Define Multicollinearity

A

It occurs when independent variables in a regression model are highly correlated

29
Q

What happens if If two or more predictor variables in your model are highly correlated with each other?

A

They don’t provide unique and independent information to the model

-Can adversely affect regression estimates

-Large amount of variance explained but no significant predictors (variables that interact tend to give odd results)

30
Q

How can we identify Multicollinearity?

A

Look for high correlations between variables in a correlation matrix (rule of thumb r > .80):
-r = 1.0 is perfect multi-collinearity and likely represents a data issue.

Tolerance Statistic (generated by SPSS):
-Percentage of variance in the IV accounted for by other IVs
-1 – R2
-High tolerance = low multicollinearity
-Low tolerance = high multicollinearity (a value of < .20 or .10)

Variance Inflation Factor (inverse of tolerance):
-1/tolerance
-indicates of much the standard error will be inflated

31
Q

What to do if you have Multicollinearity issues?

A

-Increase sample size to stabilise the regression coefficients

-Remove redundant (no longer needed or useful) variable(s)

-If the 2 or more variables are important, create a variable that takes both of them into account (you’d do that by doing Z score and adding them together)

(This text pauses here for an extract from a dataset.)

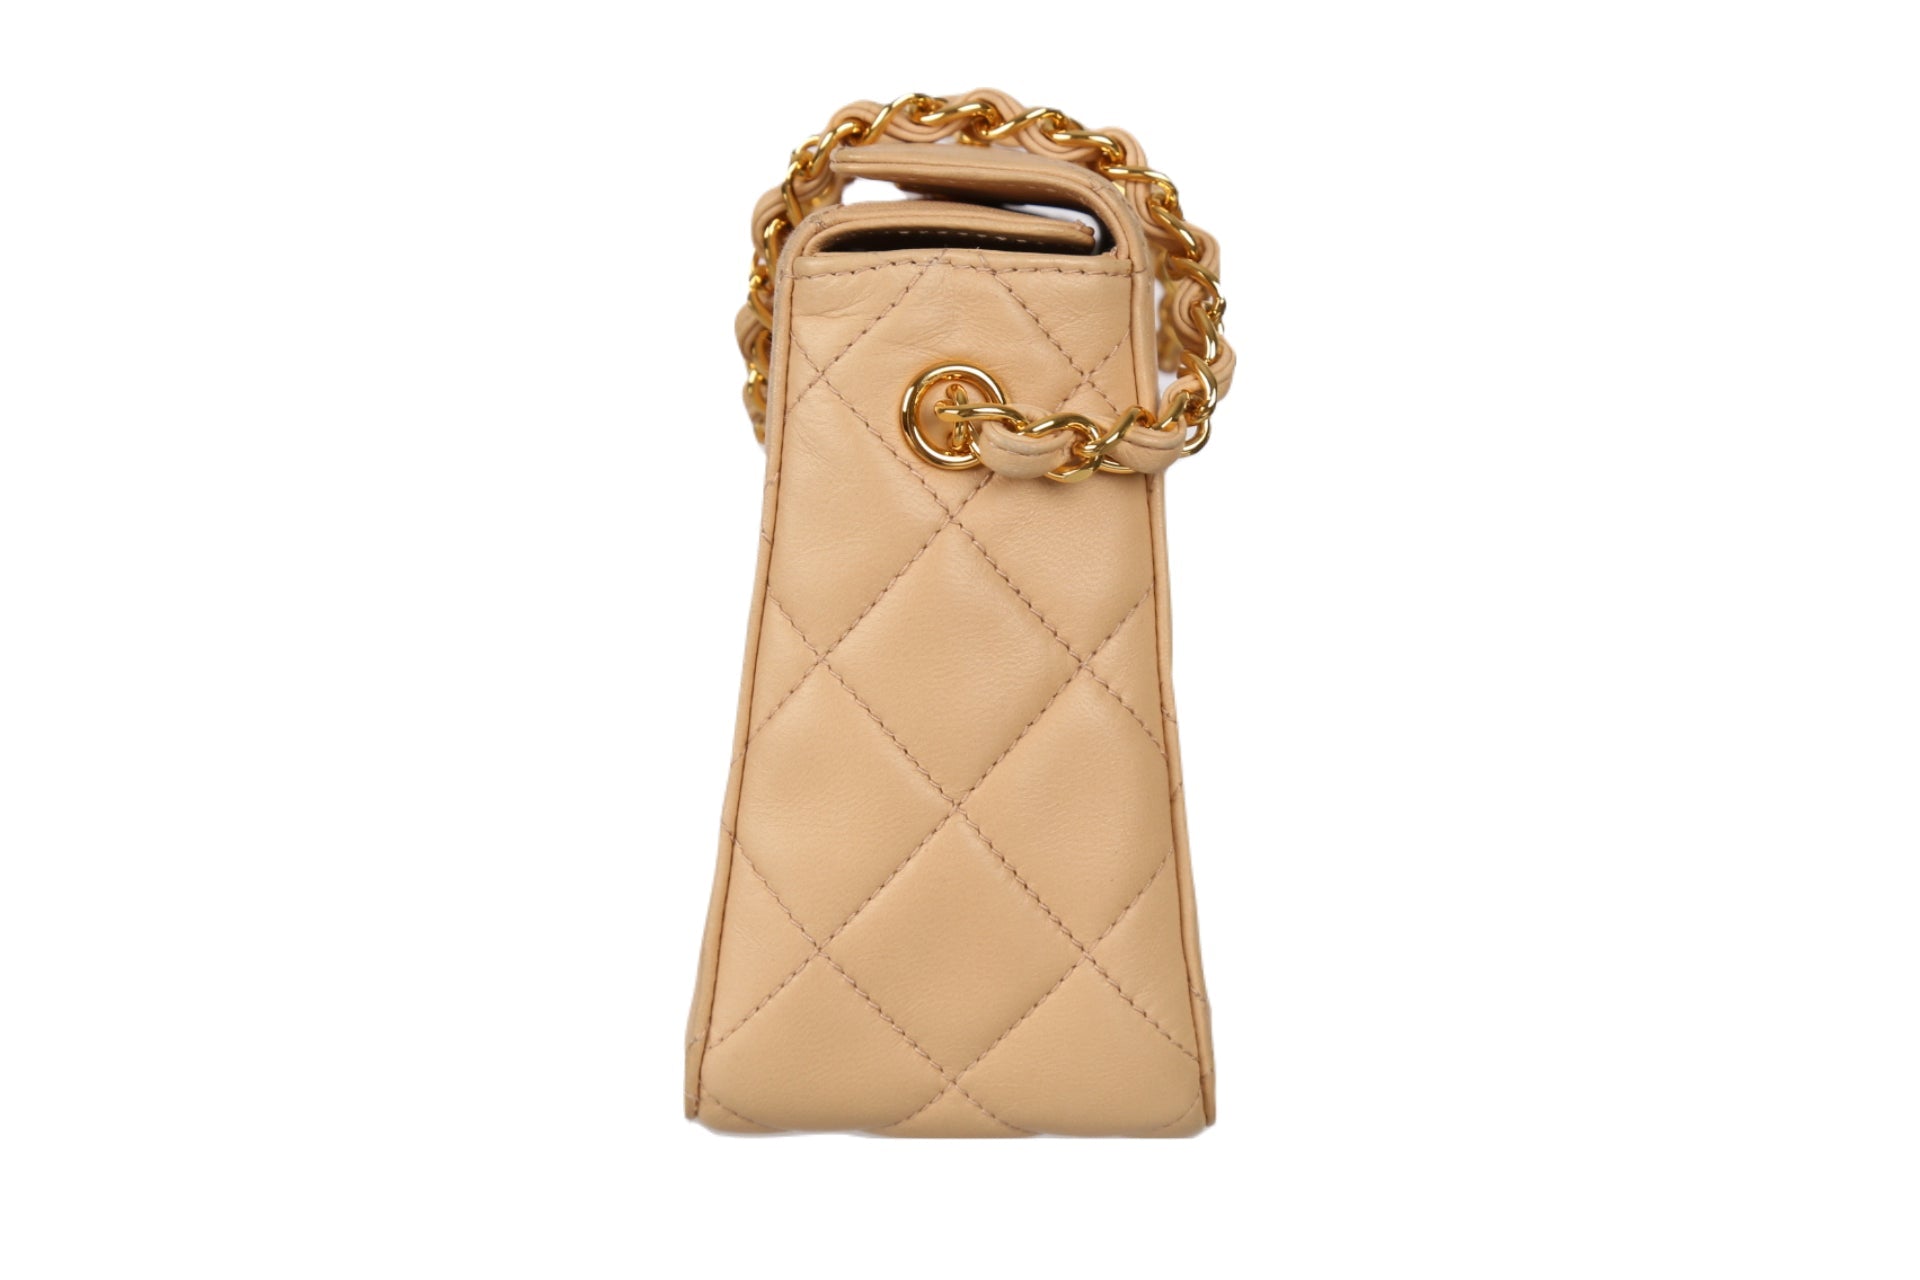 Chanel Beige Quilted Chain Mini Bag - Handbags

-If two variables highly correlated just pick one as they both give the same (to prevent multicollinearity)

32
Q

Give an example of a simple regression write-up

A

A simple regression was carried out to investigate the relationship between self-control and BMI. The regression model was significant and predicted approximately 47% of variance (adjusted R2 = .47; F (1, 98) = 87.35, p < .001). Self-control was a significant negative predictor of BMI (b = -.50 (s.e. = .05), p <.001; 95% CI -.60 to -.39).

33
Q

Give an example of a multiple regression write-up

A

-A multiple regression was conducted to investigate the roles of self-control, eating restraint and attachment on BMI. The regression model was significant and predicted 48% of variance (adjusted R2 = .48: F (3, 96) = 31.50, p < .001).

Self-control was a significant negative predictor of BMI (b = -0.47 (s.e. = 0.05), p < .001 ; 95% CI -.58 to -.37), Attachment was a significant predictor of BMI (b = 2.00 (s.e. = 0.99), p = .045; 95% CI .05 to 3.96), with those with insecure attachment having higher BMI. However, eating restraint was not a significant predictor (b = -0.05 (s.e. = .09), p = .565; 95% CI = -.23 to .12). Variance Inflation Factors suggest multicollinearity was not a concern (self-control = 1.05, eating restraint = 1.04, Attachment = 1.03).